Ihre stärksten Impulse hat die Partikelforschung ganz ohne Zweifel durch Arbeiten aus dem Bereich der germanistischen Linguistik erfahren, wobei die 1969 veröffentlichte Dissertation von Harald Weydt sicherlich zu den einflussreichsten Publikationen zählt. Von Anfang an hat das Interesse der Sprachwissenschaft aber nicht bei den deutschen Partikeln Halt gemacht, und bereits auf dem ersten Partikelkongress 1977 in Berlin beschäftigte sich ein erstaunlich hoher Anteil der Beiträge mit anderen Sprachen, häufig auch unter kontrastivem Aspekt Diese Tendenz hat sich auf den nachfolgenden Symposien und Kongressen noch weiter verstärkt.
Zwar haben die Interessenlagen seither immer wieder gewechselt, und dementsprechend haben sich natürlich auch die Gesichtspunkte verändert, unter denen Partikeln erforscht wurden: syntaktische, semantische und morphologische wechselten sich mit pragmatischen, diskursanalytischen oder ganz allgemein interaktionsbezogenen Ansätzen der Analyse ab. Insgesamt komplementieren sich dieser verschiedenen Herangehensweisen über die Jahre zu einem immer vollständigeren Bild eines schillernden, komplexen und immer wieder aufs Neue spannenden Forschungsgegenstandes.

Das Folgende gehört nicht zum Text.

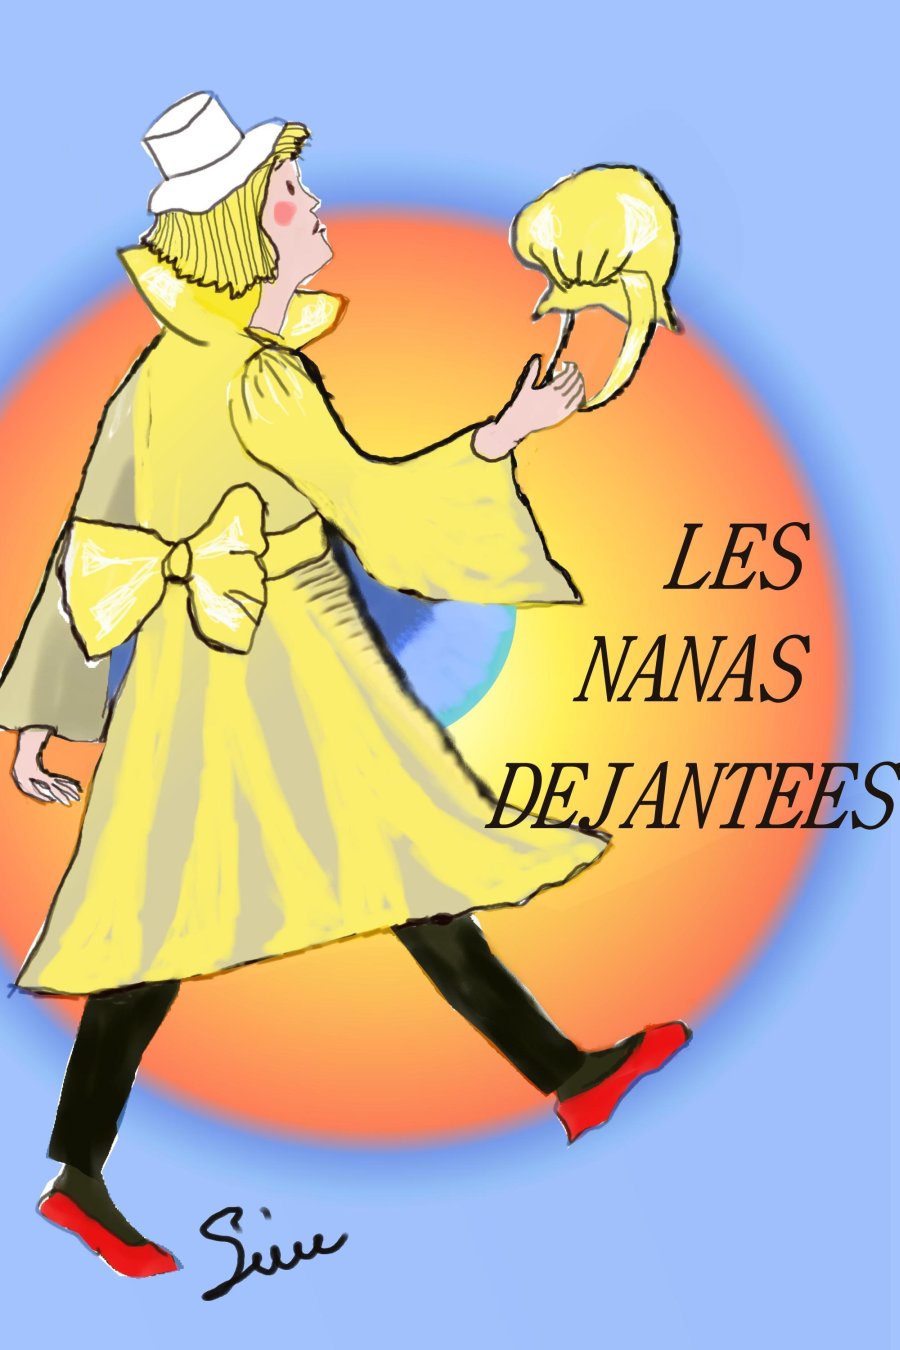 Scnario des Nanas djantes
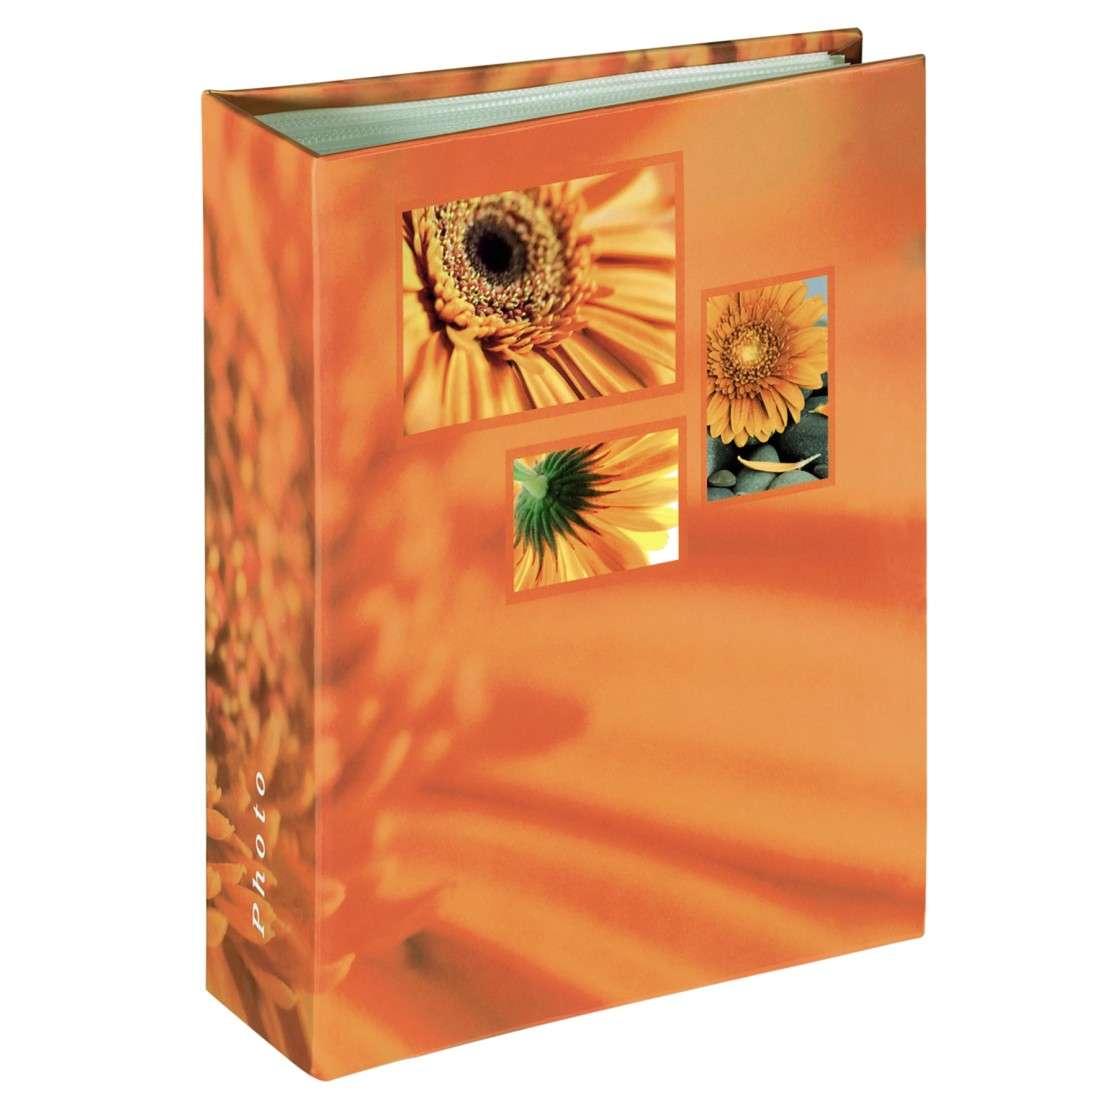 Minimax-Album Singo, für 100 Fotos im Format 10x15 cm, Orange

Es ist daher wenig verwunderlich, wenn das Interesse an Partikeln im Deutschen wie in anderen Sprachen auch vierzig Jahre nach dem Erscheinen von Harald Weydts Buch ungebrochen ist. Der vorliegende Band legt davon ein beredtes Zeugnis ab. Er beinhaltet neun ausgewählte ausgerichtete Beiträge der Tagung "40 Jahre Partikelforschung", die im Februar 2009 in Bern abgehalten wurde. Allen Beiträgen ist gemein, dass sie sich nicht nur mit dem Deutschen, sondern auch – in einzelnen Fällen auch ausschließlich – mit anderen Sprachen beschäftigen.
Gleich vier Beiträge behandeln slawische Sprachen, wobei zweimal eine westslawische (Polnisch und Tschechisch), einmal eine ostslawische (Russisch) und einmal eine südslawische Sprache (Kroatisch) thematisiert wird. Gabriele Diewald und Marijana Kresić stellen "Ein übereinzelsprachliches kontrastives Beschreibungsmodell für Partikelbedeutungen" vor, in dem das Deutsche und das Kroatische kontrastiert werden. Ebenfalls direkt sprachvergleichend, wenngleich unter einem anderen Aspekt, untersucht Magdalena Szulc-Brzozowska in ihrem Aufsatz "Zur Bedeutung ausgewählter Abtönungspartikeln im Deutschen und ihrer Äquivalente im Polnischen" Partikeln der beiden genannten Sprachen. Marek Nekulas Beitrag: "Partikeln und Wortfolge" behandelt den Grammatikalisierungsgrad von Partikeln und zeigt die Entwicklung der tschechischen Enklitika auf, die den deutschen Abtönungspartikeln funktional sehr nahe stehen. Einem ganz anderen Thema wendet sich demgegenüber Michael Schümann zu, wenn er unter dem Titel: "Der deutsche würde-Konjunktiv und der russische Partikel-Konjunktiv im Vergleich" zwei analytisch gebildete Verbformen im Bereich des Ausdrucks von Modus untersucht.
Die drei folgenden Beiträge befassen sich mit der Romania und behandeln zweimal das Französische, einmal das Italienische. Kurt Feyaerts und Steven Schoonjans untersuchen die "Übersetzung von Modalpartikeln als Indiz ihres Grammatikalisierungsgrades" und nehmen sich dabei "die französischen Pendants von denn und eigentlich" vor, während Klaus Hölker seinen Beitrag den verschiedenen Aspekten und Funktionen von französisch quoi widmet. "Les particules en italien: formes et fonctions" sind dem gegenüber das Thema des Beitrags von Anna-Maria DeCesare.
Johanneke Caspers und Ton van der Wouden stellen in "Modal particles in Dutch as a second language: Evidence from a perception experiment" eine empirische Studie vor, die sich mit der Perzeption niederländischer Partikeln durch Muttersprachler und nicht-Muttersprachler befasst. Der Beitrag von Rosemarie Lühr, "Partikeln in indogermanischen Sprachen", führt dann sozusagen noch einmal zu den Wurzeln der Partikeln im Indogermanischen zurück.